"Rangkayo Mudo Dirajo" Gelar Adat Untuk Walikota Deri Asta

(Ist)

SAWAHLUNTO, KLIKPOSITIF - Walikota Sawahlunto, Deri Asta menyandang gelar Rangkayo Mudo Dirajo. Gelar Sangsoko adat yang dilewakan oleh Lembaga Kerapatan Adat Alam Minangkabau (LKAAM) Sumatra Barat. Malewakan gala Kehormatan Sangsoko adat itu didahului dengan Pati Ambalau dan pengukuhan H. Ir Dahler Dt Panghulu Sati sebagai Ketua Lembaga Kerapatan Adat Alam Minangkabau (LKAAM) Kota Sawahlunto beserta pengurus Periode (2019 - 2024), Senin 11 November 2019 di Gedung BDTBT Sawahlunto.

Pemasangan Deta kepada Deri Asta Rangkayo Mudo Dirajo dilakukan oleh Ketua LKAAM Sumbar, M. Sayuti Datuak Rajo Panghulu. Penyisipan keris oleh, Ketua LKAAM Sawahlunto,.Dahler Datuak Panghulu Sati.
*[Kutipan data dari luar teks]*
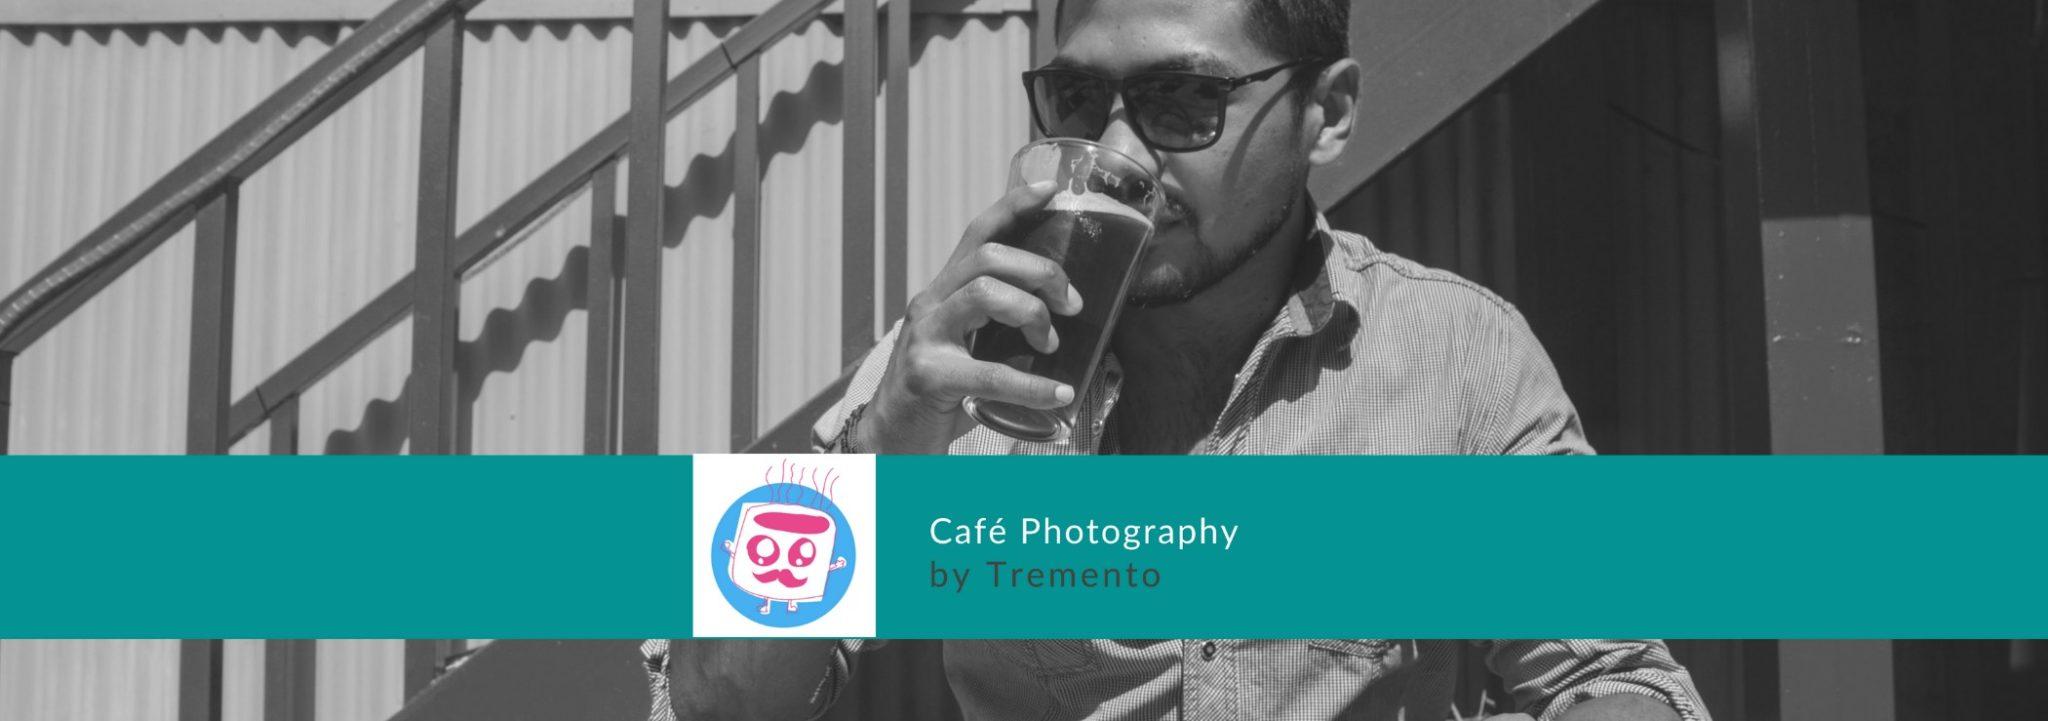 Café Restaurant Photography - Café de los deseos - San José - Tremento

Pemasangan Salempang oleh Kabiro Organisasi Setdaprov Sumbar, Irwan Datuak Rajo Nando dan penyerahan tungkek oleh Ketua KAN Talawi , Aljasri Datuak Abu Bakar.
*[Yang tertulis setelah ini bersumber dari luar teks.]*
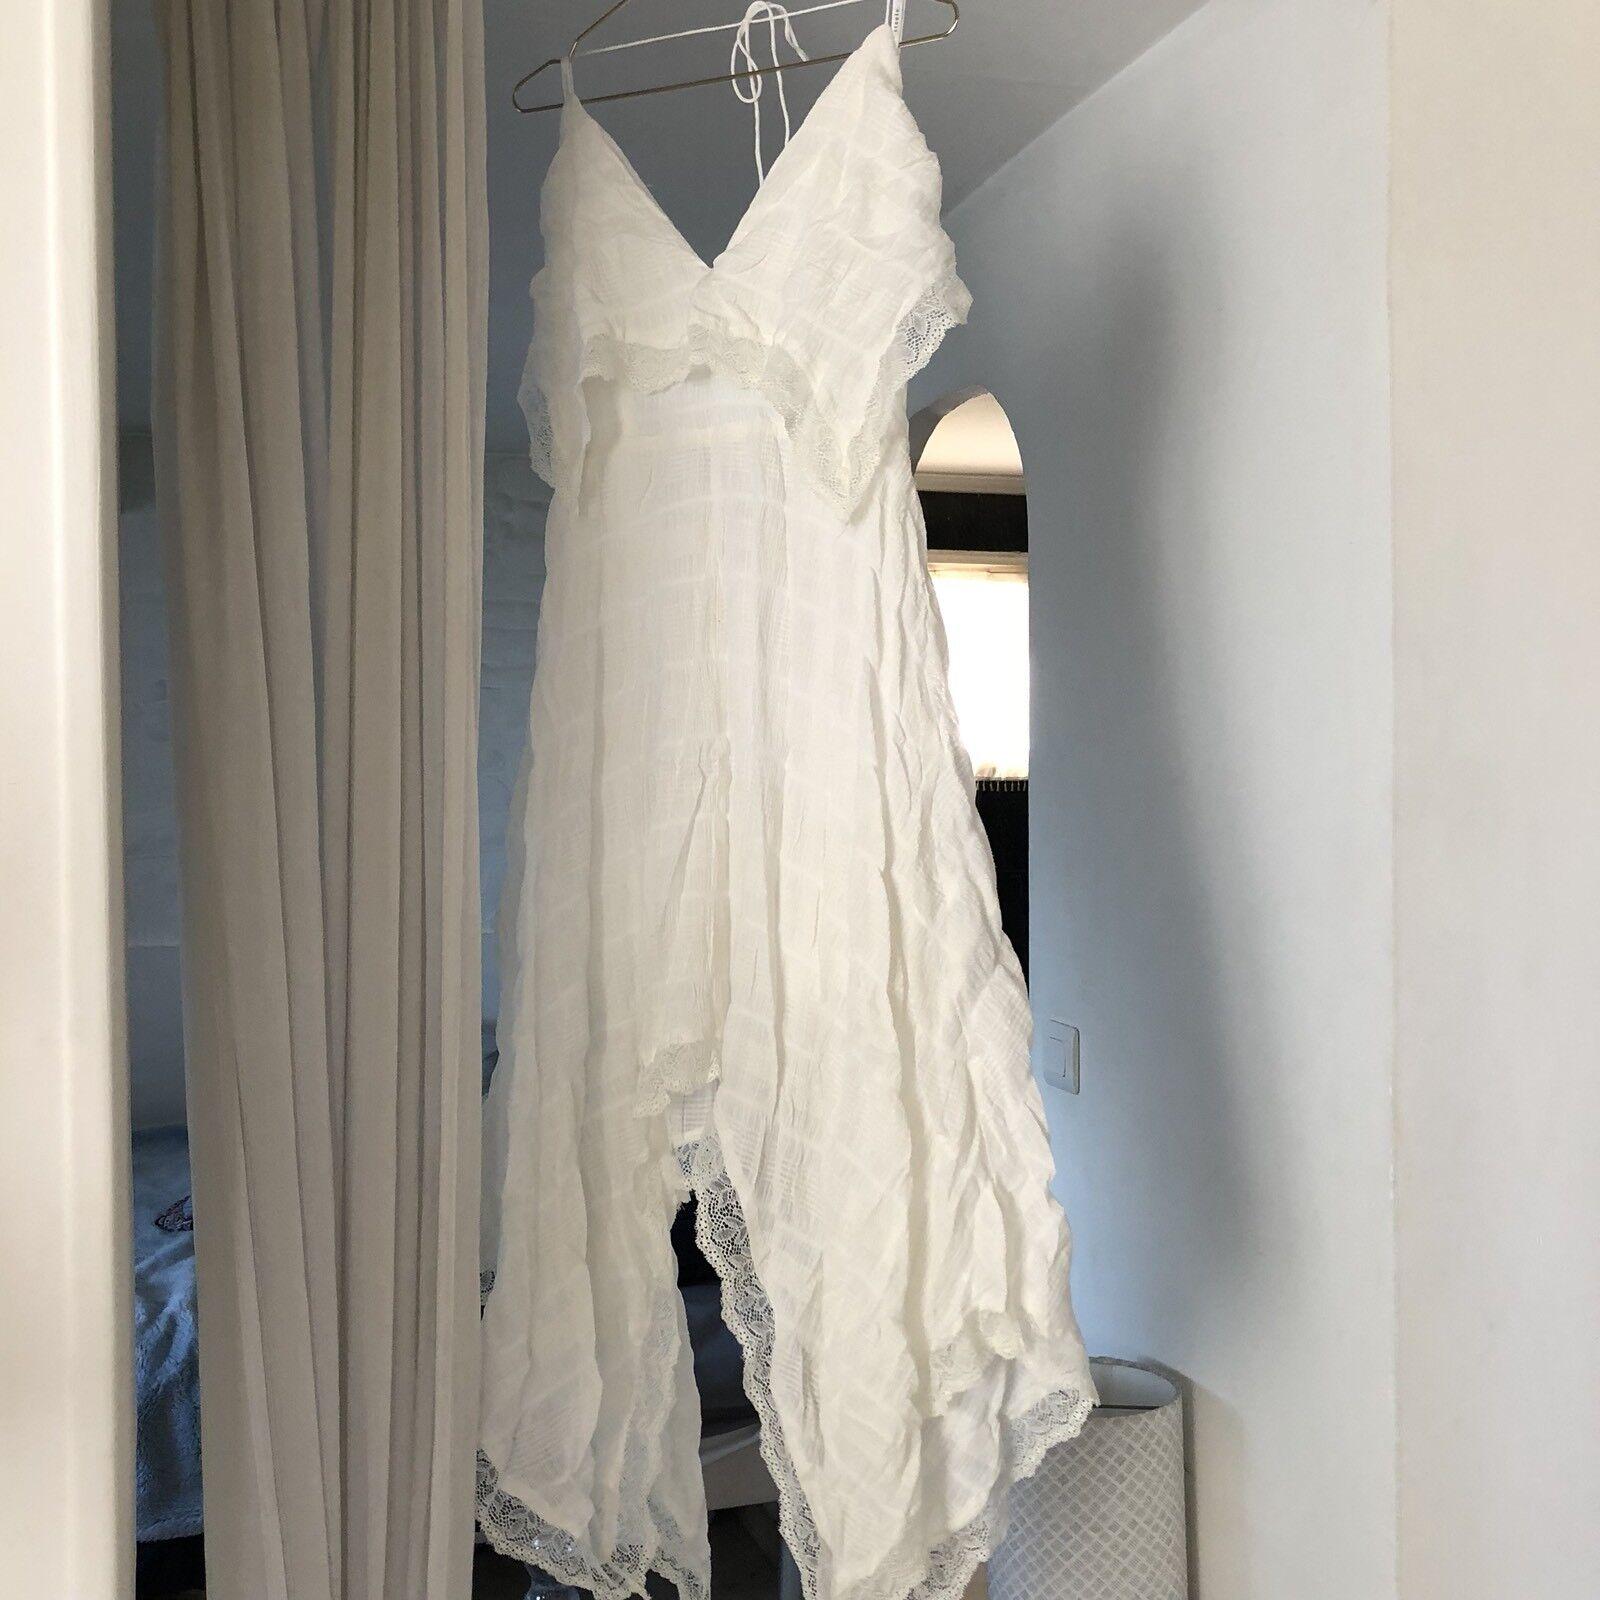 Steele Devin Dress Größe m

baca juga: HUT ke-131, Pemko Sawahlunto Gandeng Agen Perjalanan Wisata untuk Promosi World Heritage

Ketua LKAAM Sumatra Barat, M. Sayuti Datuak Rajo Panghulu mengatakan, pemberian Gala Sangsako kepada Walikota Deri Asta sudah memenuhi persyaratan adat dan telah mendapat persetujuan dari Kaum Sumagek Talawi pada, 25 Oktober 2019. Adapun makna gelar tersebut Rangkayo artinya, orang yang kaya bukti pekerti dan harta benda. Mudo artinya, orang muda ringan tangan suka membantu dan Dirajo artinya, Pemimpin tertinggi yang bijaksana di Sawahlunto.
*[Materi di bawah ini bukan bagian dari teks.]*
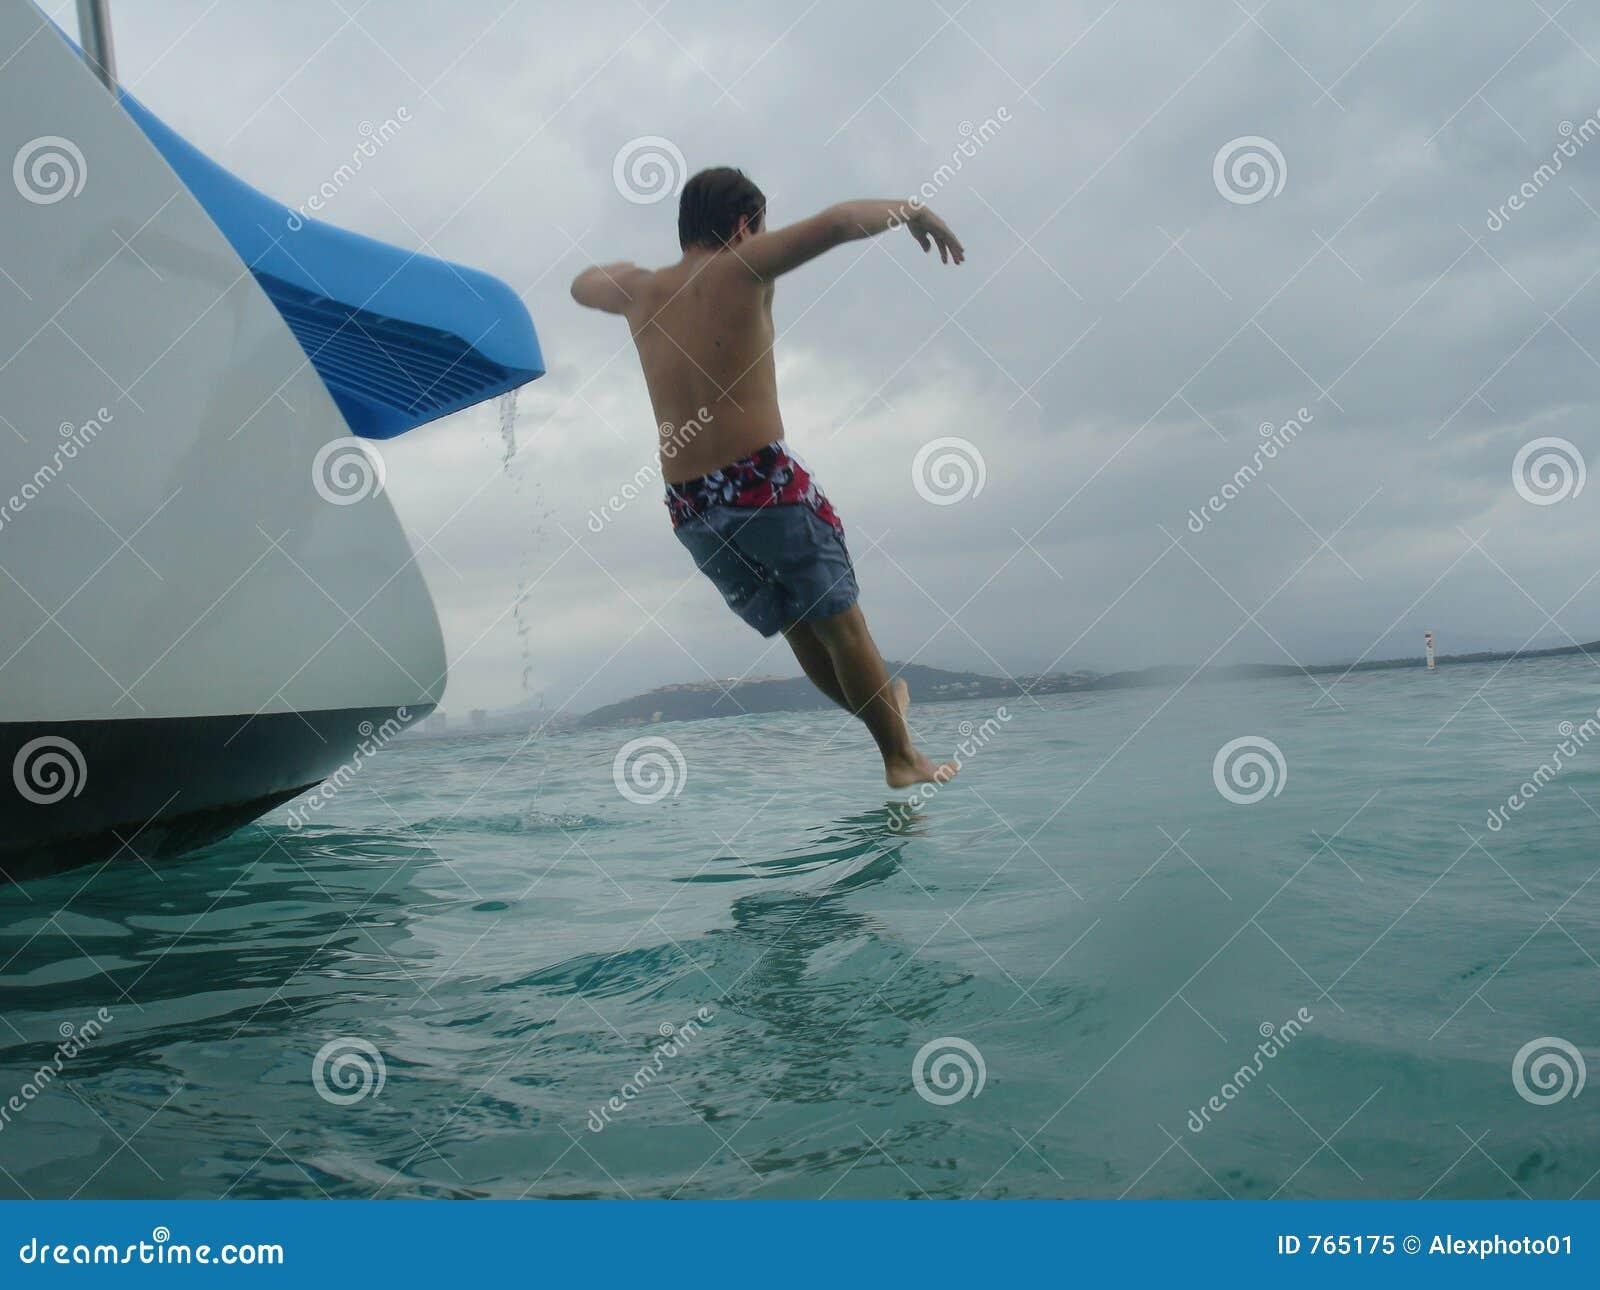 Traveler slides of catamaran Caribbean, Puerto Rico

BACA JUGA: Maju di Pilkada Bukittinggi, 'Sahabat UAS' Mendaftar ke Partai Gerindra

baca juga: Bunga Bangkai Berukuran Raksasa Ditemukan di Sawahlunto

BACA JUGA: Ini Alasan Erman Safar Maju di Pilkada Bukittinggi

BACA JUGA: Pengamat: Jualan UAS Tak Laku pada Pilkada Sumbar 2020

baca juga: Diintai Sebulan, RS Akhirnya Dibekuk Petugas BNN Sawahlunto

"Usulan pemberian Gala Sangsako dibahas dan disetujui dalam rapat pleno Pengurus LKAAM Provinsi Sumatera Barat beberapa waktu yang lalu. Gala Sangsako merupakan gelar kehormatan bukan gelar Sako, yang diberikan kepada tokoh-tokoh yang berjasa untuk Minangkabau, Islam, bangsa dan negara. Gelar ini juga akan diberikan kepada siapa saja yang punya manfaat bagi kemashlahatan umat dan warga di ranah minang," tutur Ketua LKAAM Sumbar, M. Sayuti Datuak Rajo Panghulu.

Gala Sangsako sebutnya, berbeda dengan Gala Sako. Gelar ini tidak mengenal garis turunan. Jadi yang berhak memakai gelar ini adalah si penerima saja.

baca juga: Puluhan Pedagang Minyak Eceran Datangi DPRD Sawahlunto

"Dengan bergelar ini, maka ada tugas bersama yang harus diwujudkan dalam Negara Kesatuan Republik Indonesia, jika PNS disebut abdi negara, niniak mamak adalah abdi Pancasila. Bersama Niniak mamak, sebagai penolong agama Allah dan ampu menjalankan pembagunan bersinergi dengan tokoh adat dan juga agama," tuturnya.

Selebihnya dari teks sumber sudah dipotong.